# Help 2ndInit and Bootmenu



## Dark Cricket (Aug 16, 2011)

I am using MIUI4D2G, version 216 of BeansTown106, and found that the file init.rc that is loaded at startup, is found in system/bootmenu/2ndinit/init.rc and not the file that is in system/etc/hijack-boot.zip ... I reach this conclusion because I have been reviewing and playing with the files init.rc, and the changes I make to the file hijack-boot.zip/newboot/init.rc do not run, but if I modify the file system/bootmenu/2ndinit/init.rc if changes are implemented ..

My question is: I can remove the file hijack-boot.zip? and work with the file system/bootmenu/2ndinit/init.rc?

so I can work with the correct files, and I can repair the recovery of bootmenu?

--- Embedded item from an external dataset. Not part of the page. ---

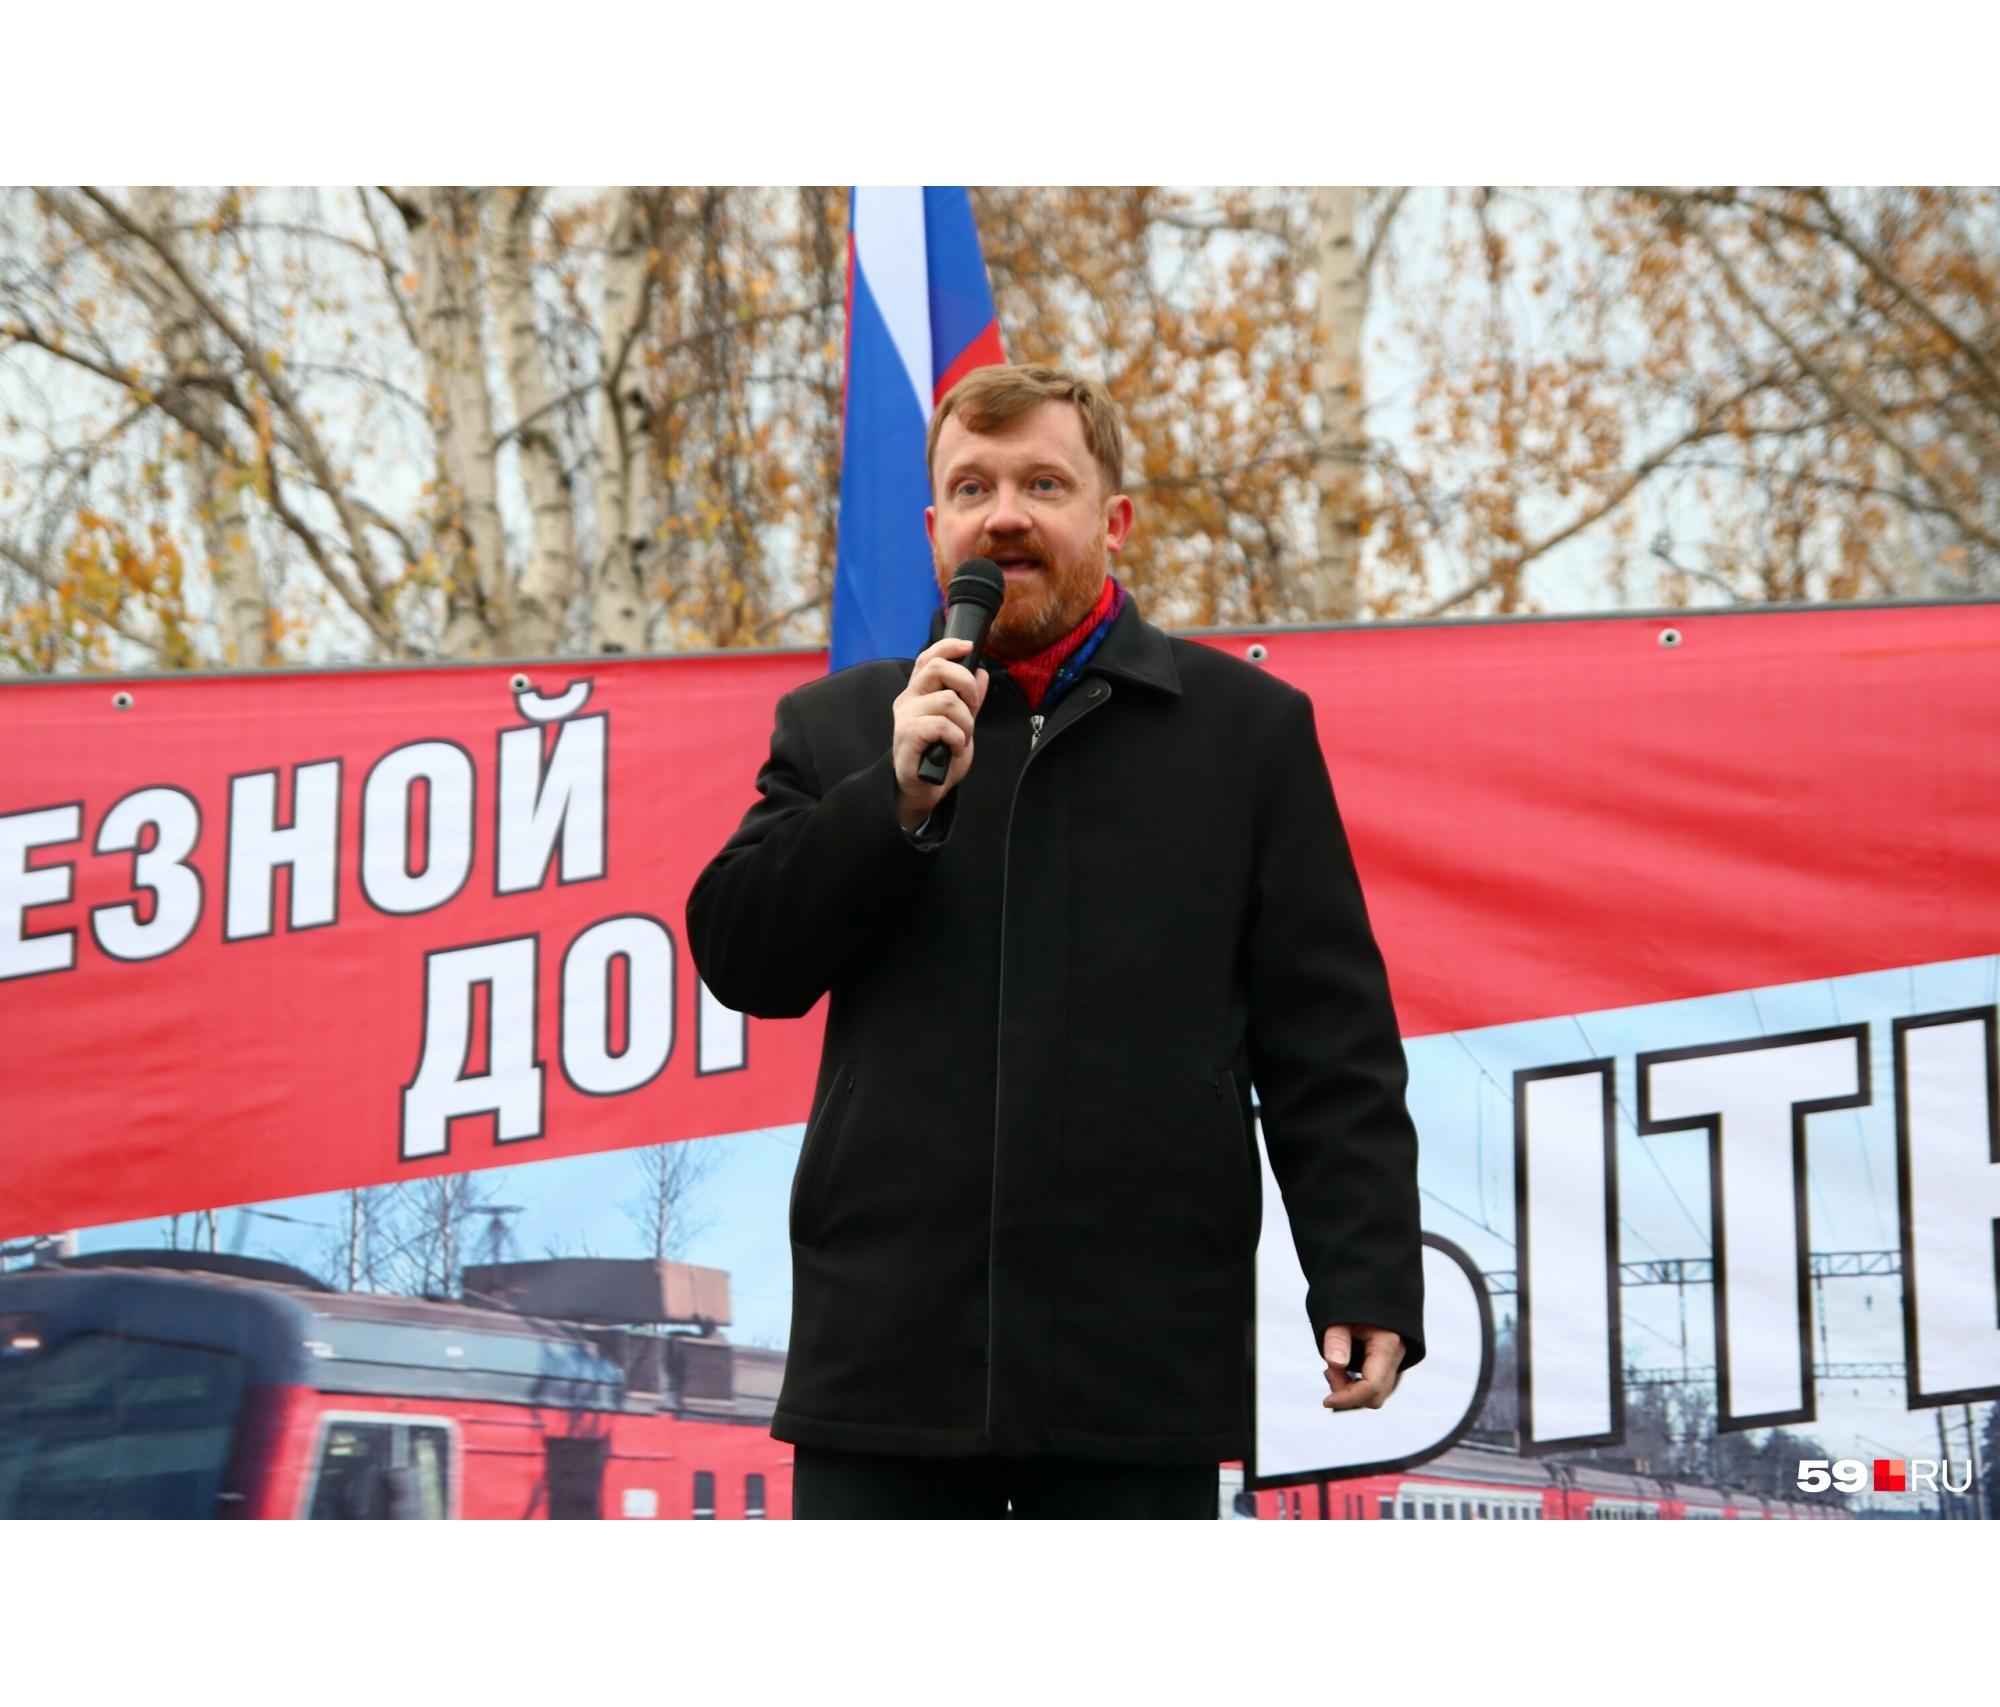 Александр Зотин считает, что у губернатора есть личная заинтересованность в сносе железной дороги

I hope someone can give me an idea of how bootmenu works ...

thank you very much.

Edit: I already tried uninstalling the bootmenu, if I avoid the bootmenu run, the file itself runs system/etc/hijack-boot.zip/newboot/init.rc


----------



## BeansTown106 (Aug 20, 2011)

Dark Cricket said:


> I am using MIUI4D2G, version 216 of BeansTown106, and found that the file init.rc that is loaded at startup, is found in system/bootmenu/2ndinit/init.rc and not the file that is in system/etc/hijack-boot.zip ... I reach this conclusion because I have been reviewing and playing with the files init.rc, and the changes I make to the file hijack-boot.zip/newboot/init.rc do not run, but if I modify the file system/bootmenu/2ndinit/init.rc if changes are implemented ..
> 
> My question is: I can remove the file hijack-boot.zip? and work with the file system/bootmenu/2ndinit/init.rc?
> 
> ...


im curious on the inner workings of bootmenu also as i would like to put dif roms other than miui with the bootmenu so what u are saying is the init rc that is in the hijack is what u need to switch to bootmenu to put a dif rom on?


----------



## Dark Cricket (Aug 16, 2011)

Something like that, to put bootmenu to a different rom just copy all files within hijack-boot.zip inside the folder 2nd-init that is in system / bootmenu, and you no longer need the file hijack-boot.zip .... you copy the bootmenu binary in system / bin, delete the original binary logwrapper, and rename the binary bootmenu as logwrapper ... you must also copy the 01systctl in etc / init.d .. with this we must have bootmenu inside another rom ... and deletes the original 2nd-init of that rom ... if you want to use the option to reboot-into-recovery with cat.jpg you must keep the original file hijack-boot.zip as you disable the bootmenu to use the cat.jpg option 

I hope you understand me lol ... you speak Spanish? .. I send you my email on PM ..


----------



## x13thangelx (Jun 8, 2011)

Copying 01sysctl make NO sense whatsoever. I havent looked at that specific script but the majority of the sysctl scripts are nothing more than "sysctl -p".


----------